Member of the Jammu and Kashmir Legislative Council
- In office 11 April 2004 – 31 December 2008
- Constituency: Sangrama (District Baramulla)

Member of the Jammu and Kashmir Legislative Assembly
- In office 2009–2018
- Preceded by: Shoaib Nabi Lone
- Succeeded by: Constituency abolished
- Constituency: Sangrama

Minister for Law, Justice, Parliamentary affairs, Relief and Rehabilitation in Government of Jammu and Kashmir
- In office 1 March 2015 – 7 January 2016

Minister for Revenue, Relief and Rehabilitation in Government of Jammu and Kashmir
- In office 5 April 2016 – 17 February 2017

Minister for Horticulture in Government of Jammu and Kashmir
- In office 21 February 2017 – 30 April 2018

Minister for Horticulture, Law, Justice and Parliamentary affairs Government of Jammu and Kashmir
- In office 1 May 2018 – 19 June 2018

Personal details
- Born: 17 September 1962 (age 63) Anantnag Jammu and Kashmir
- Spouse: Fozia Bukhari ​(m. 1999)​
- Children: Alan Bukhari(daughter) and Alyaan Bukhari(son)
- Education: BA, PG Diploma in Tour and Travel management, Import Export management
- Alma mater: University of Kashmir

= Syed Basharat Ahmed Bukhari =

Former Law Minister of Jammu and Kashmir

Syed Basharat Ahmad Bukhari (born 17 September 1962) is a broadcaster, poet and Former Cabinet Minister from Jammu and Kashmir, who has served as both a Member of the Legislative Council (MLC) and a Member of the Legislative Assembly (MLA) from the erstwhile Sangrama constituency.He has served as a minister holding key portfolios in the Government of Jammu and Kashmir, including Minister for Law, Justice, Parliamentary Affairs, Revenue, and Disaster Management, Relief, Rehabilitation and Reconstruction.

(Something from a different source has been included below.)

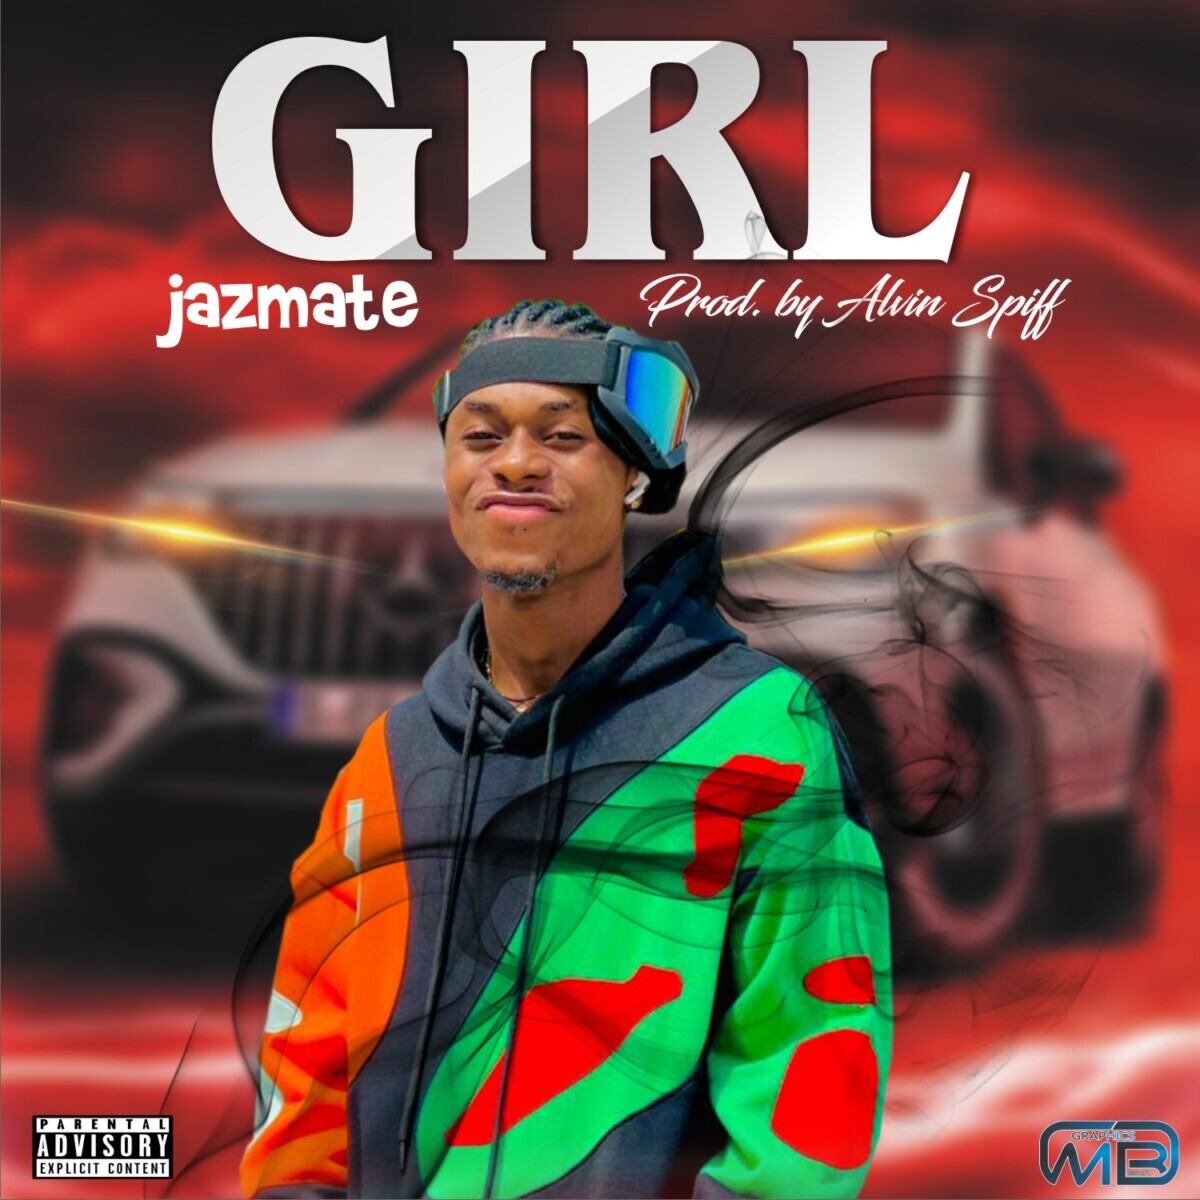 Music: Jazmate – “Girl”

== Early life and education ==
Bukhari is from Kreeri, Baramulla district, Jammu and Kashmir. He is the son of Syed Rafi Ud din Bukhari. His wife is a teacher. He completed his B.A. in 1986 at a college affiliated with Kashmir University.

== Career ==

Syed Basharat Ahmad Bukhari began his public career as a broadcaster at All India Radio Kashmir, gaining immense popularity due to his powerful and deep voice and the social service he provided through his programs. His widespread recognition as a broadcaster prompted Mufti Mohammad Sayeed, the then Chief Minister, to personally encourage him to join politics. Bukhari emerged as a prominent political figure from Sangrama in Baramulla district and went on to serve in both houses of the erstwhile state legislature.
He was elected as a Member of the Legislative Council (MLC) in 2004 and served until 2008, when he won his first election as a Member of the Legislative Assembly (MLA) from the now defunct Sangrama Assembly constituency, representing the Jammu and Kashmir Peoples Democratic Party (PDP). He was re-elected as MLA from the same constituency in 2014, securing 12,127 votes and defeating Shuib Nabi Lone of the Indian National Congress by a margin of 1,754 votes.
During his tenure in government, Bukhari served as a cabinet minister in the Government of Jammu and Kashmir, holding key portfolios including Law, Justice, Parliamentary Affairs, Revenue, Horticulture, and Disaster Management, Relief, Rehabilitation and Reconstruction. In these roles, he was involved in legislative business, governance, and post-disaster relief and reconstruction efforts in the erstwhile state. In the 2024 Jammu and Kashmir Legislative Assembly election he lost from Wagoora-Kreeri.